To do> Only the pictures should be dropped; every line of the data must come back exactly as written.

Provided material>
=== Begin Enclosure ===

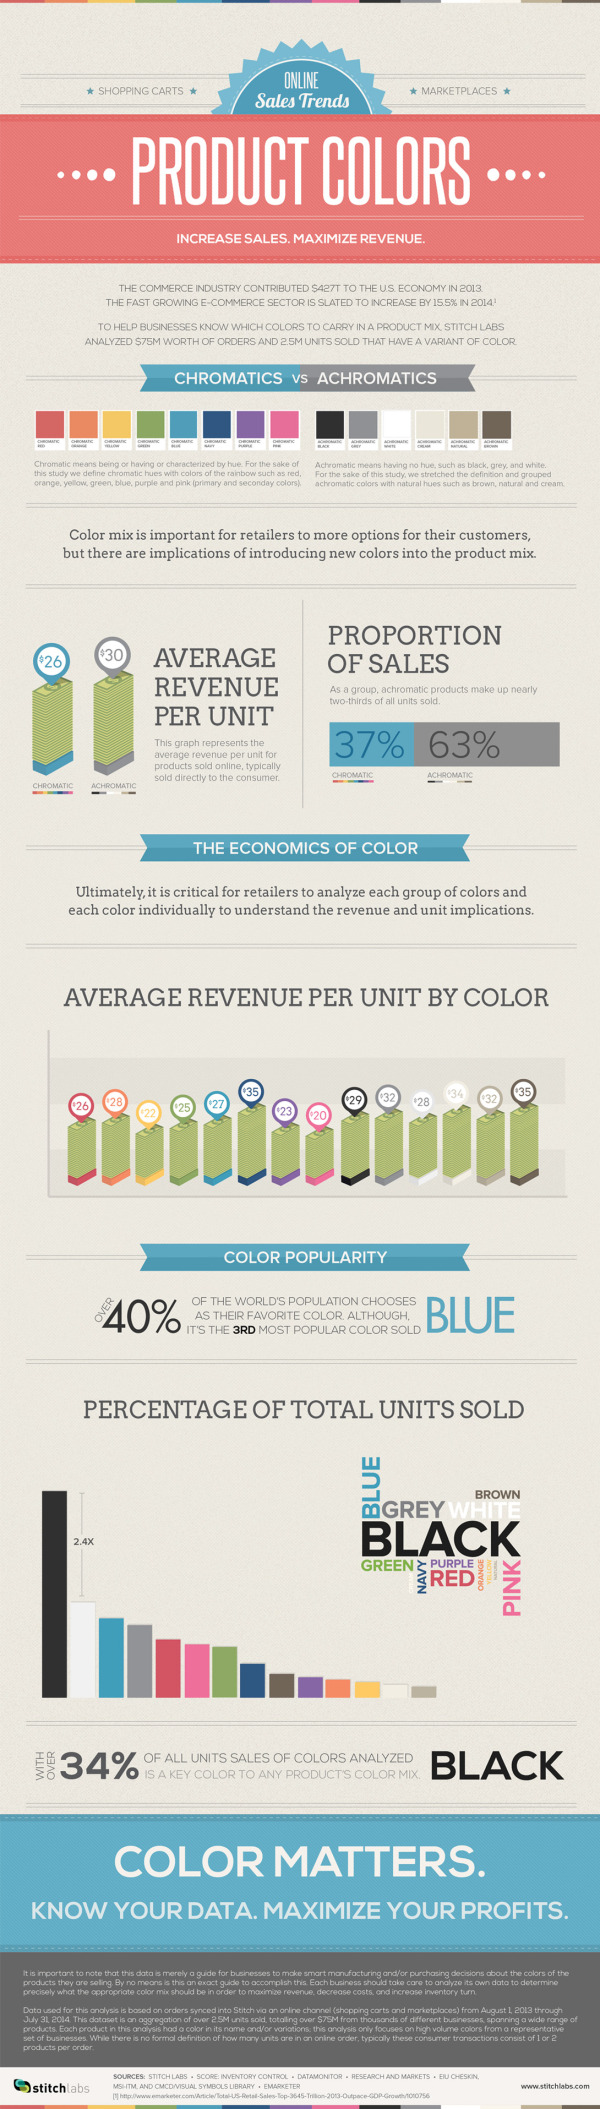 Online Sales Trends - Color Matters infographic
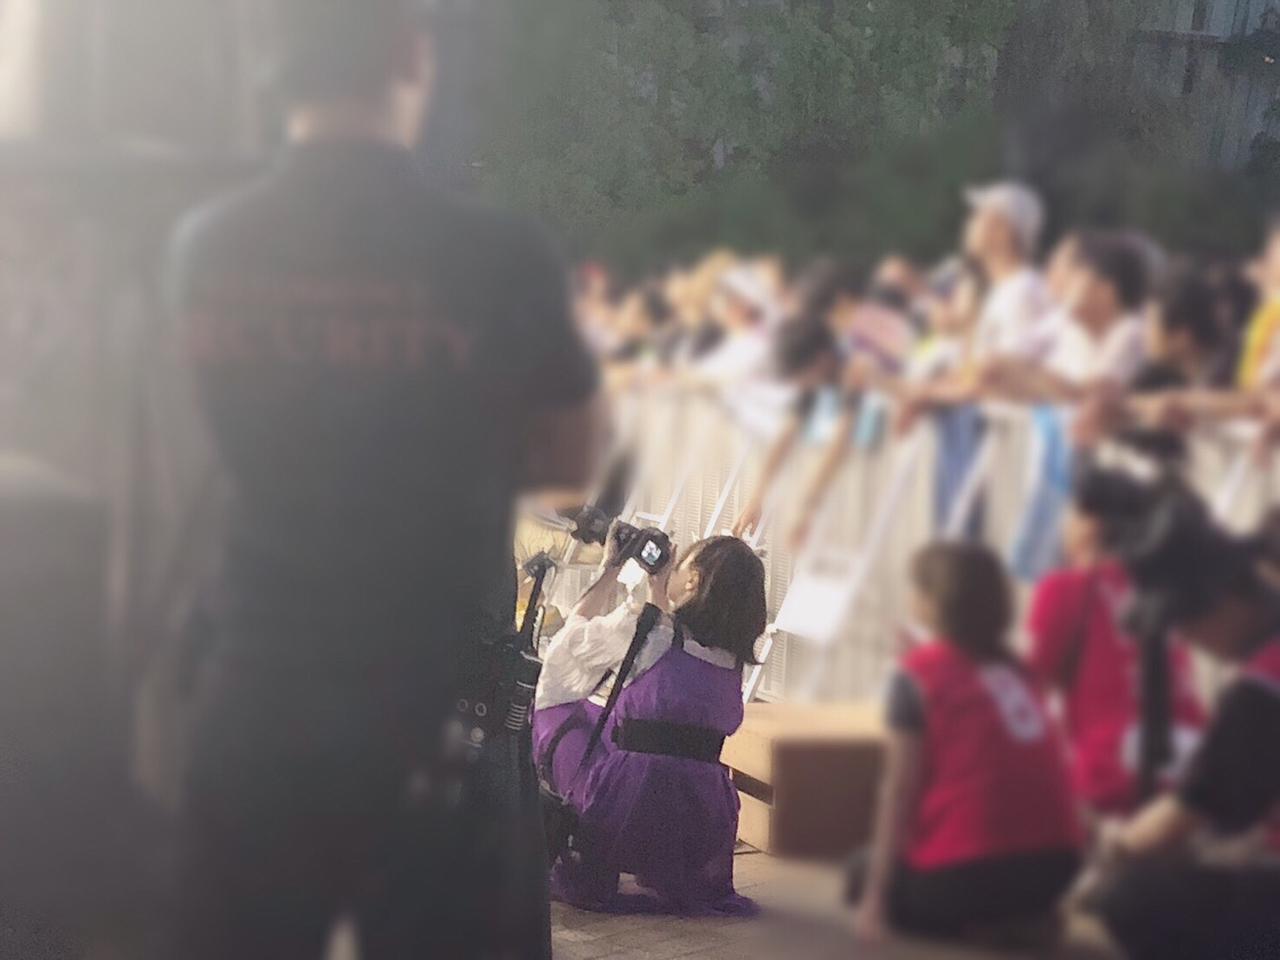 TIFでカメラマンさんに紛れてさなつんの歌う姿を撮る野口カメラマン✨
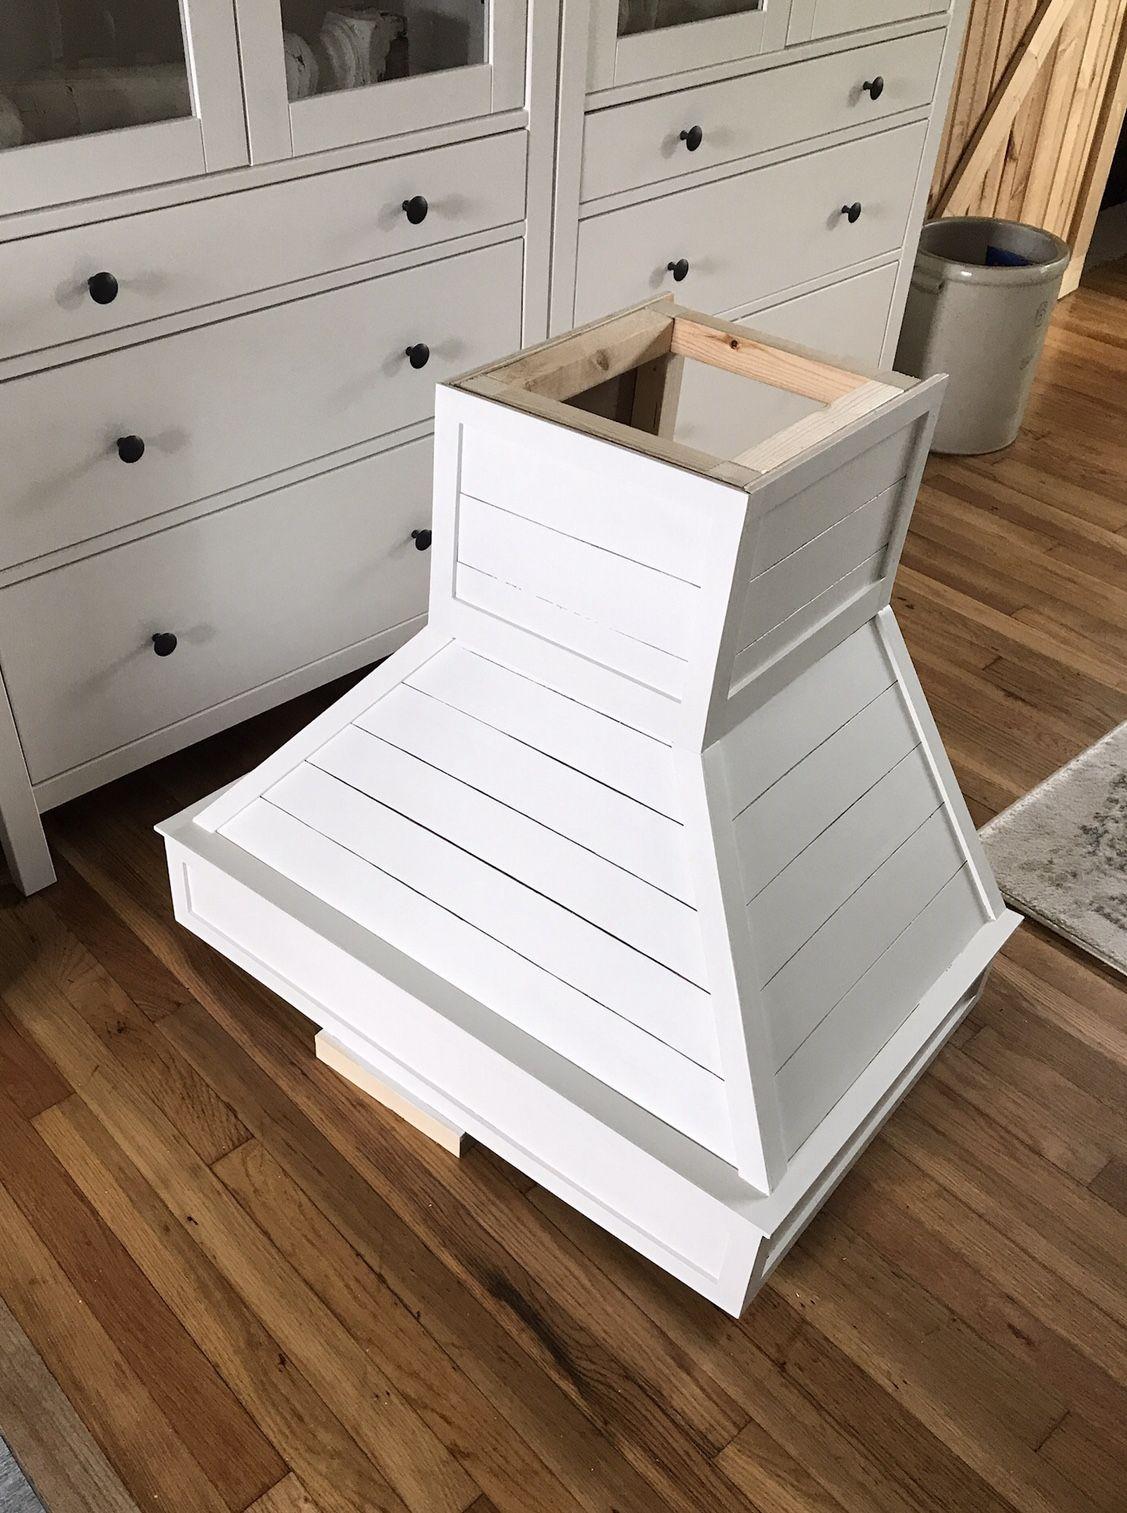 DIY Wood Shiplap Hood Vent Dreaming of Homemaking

=== End Enclosure ===

Solution to this task>
 Online Sales Trends - Color Matters infographic
 TIFでカメラマンさんに紛れてさなつんの歌う姿を撮る野口カメラマン✨
 DIY Wood Shiplap Hood Vent Dreaming of Homemaking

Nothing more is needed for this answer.